§ **TASK DETAILS**: Your output should be everything below from the line containing "Rolex Prince Cellini Unisex" down to the line containing "Elevate your style", both ends included, copied exactly, with pictures left out.

#### RECORD EXCERPTS

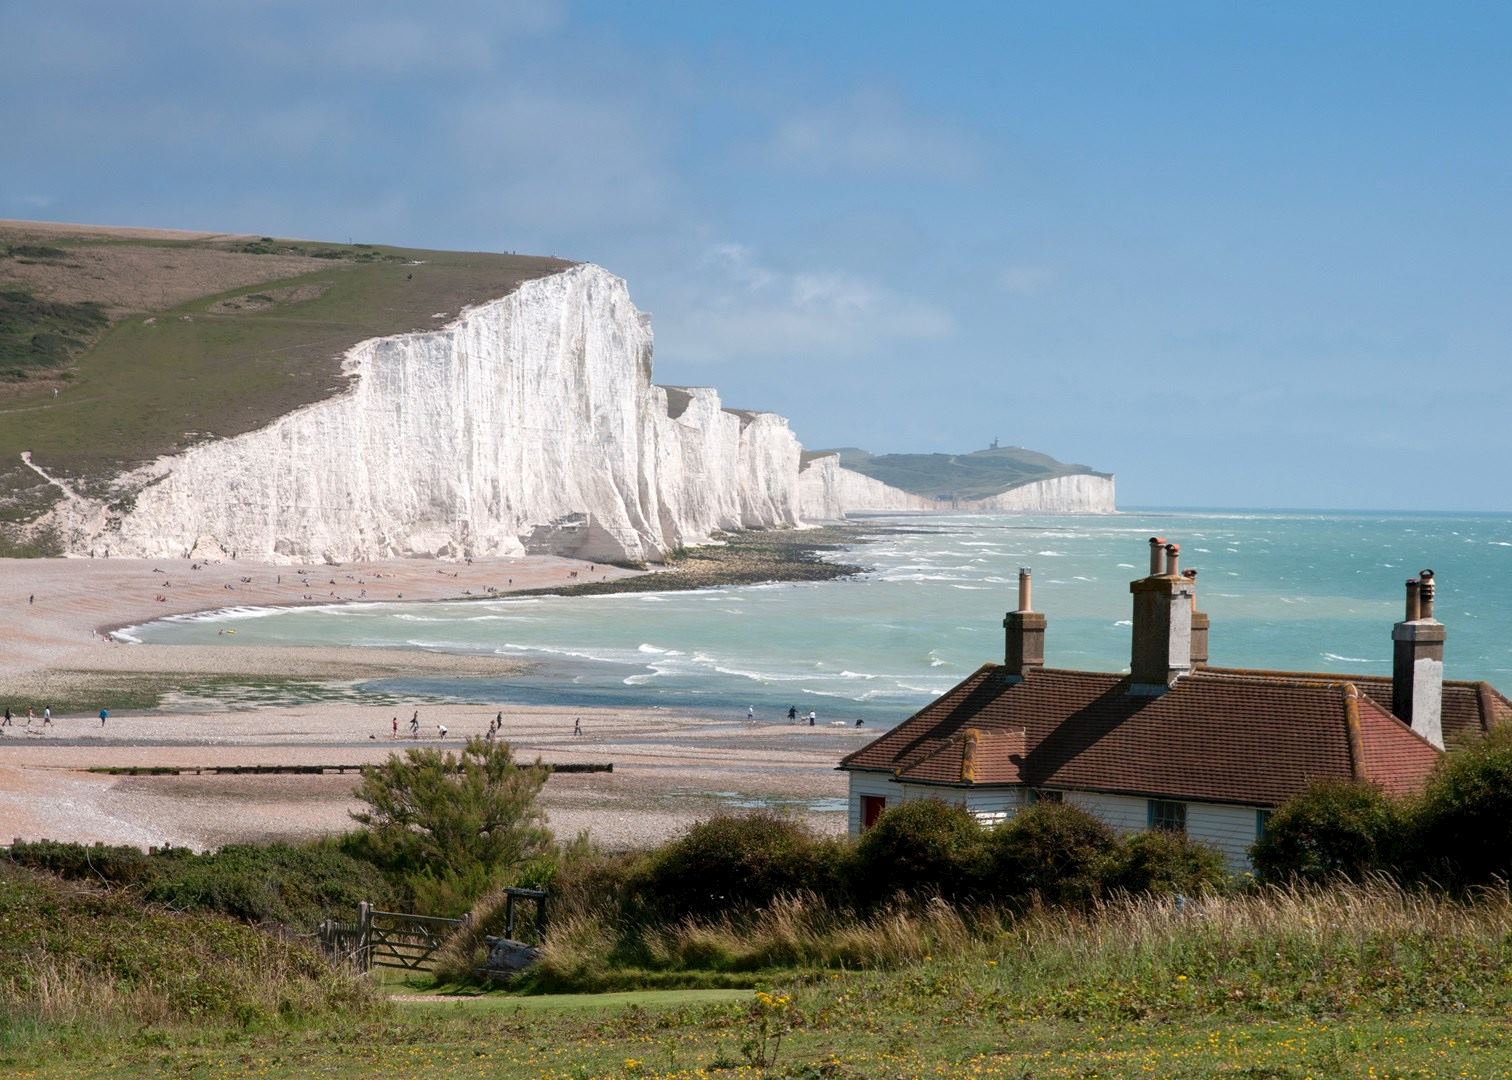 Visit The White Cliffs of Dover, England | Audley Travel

########
#### RECORD EXCERPTS

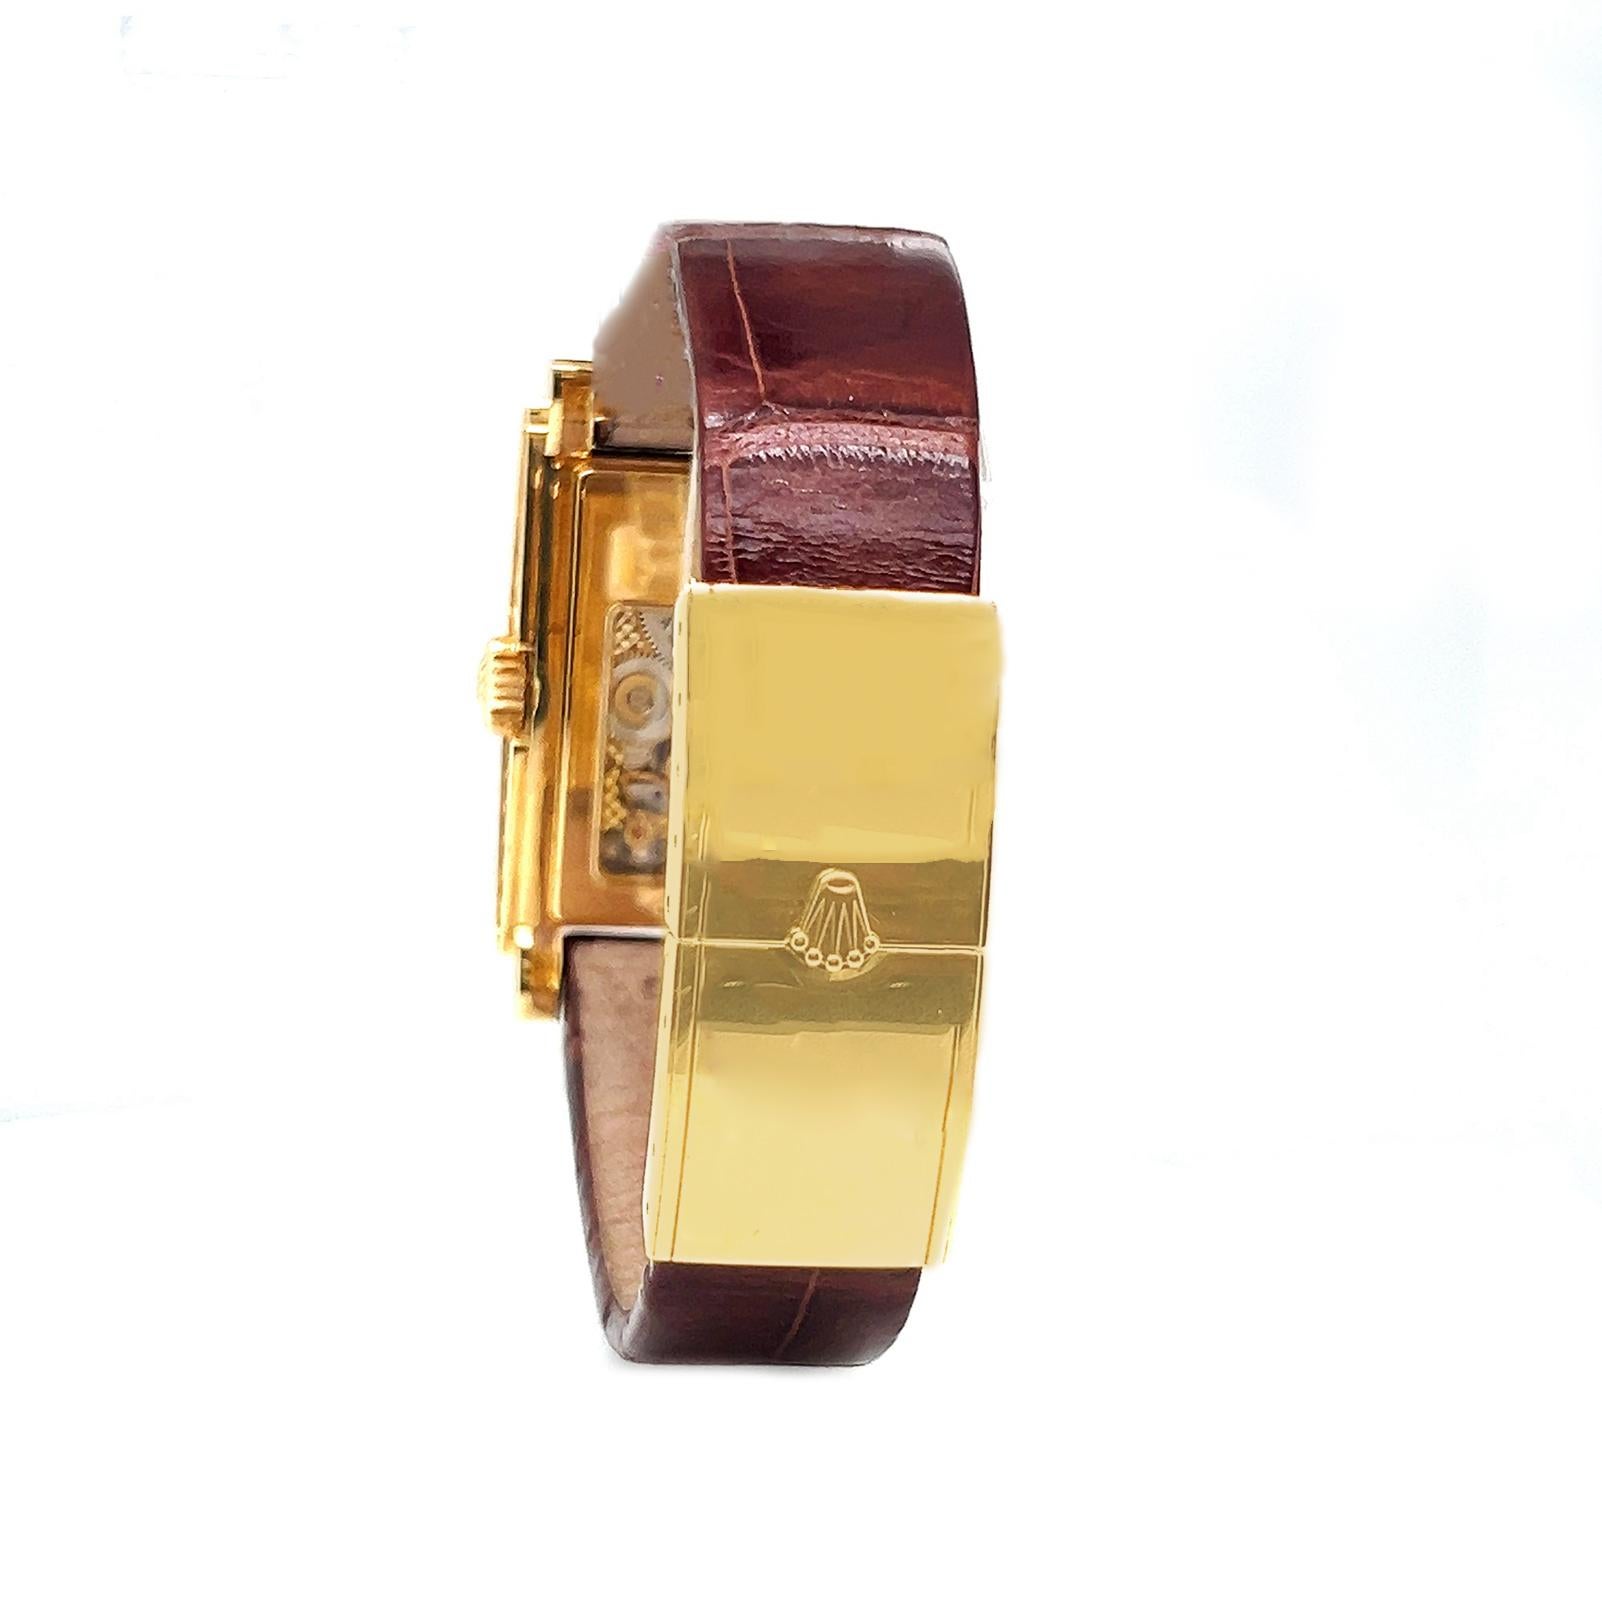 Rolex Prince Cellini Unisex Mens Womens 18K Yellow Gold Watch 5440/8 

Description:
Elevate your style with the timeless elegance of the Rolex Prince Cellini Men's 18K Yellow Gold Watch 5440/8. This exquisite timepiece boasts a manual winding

########

§ **EXERCISE SOLUTION**:
 Rolex Prince Cellini Unisex Mens Womens 18K Yellow Gold Watch 5440/8 

Description:
Elevate your style with the timeless elegance of the Rolex Prince Cellini Men's 18K Yellow Gold Watch 5440/8. This exquisite timepiece boasts a manual winding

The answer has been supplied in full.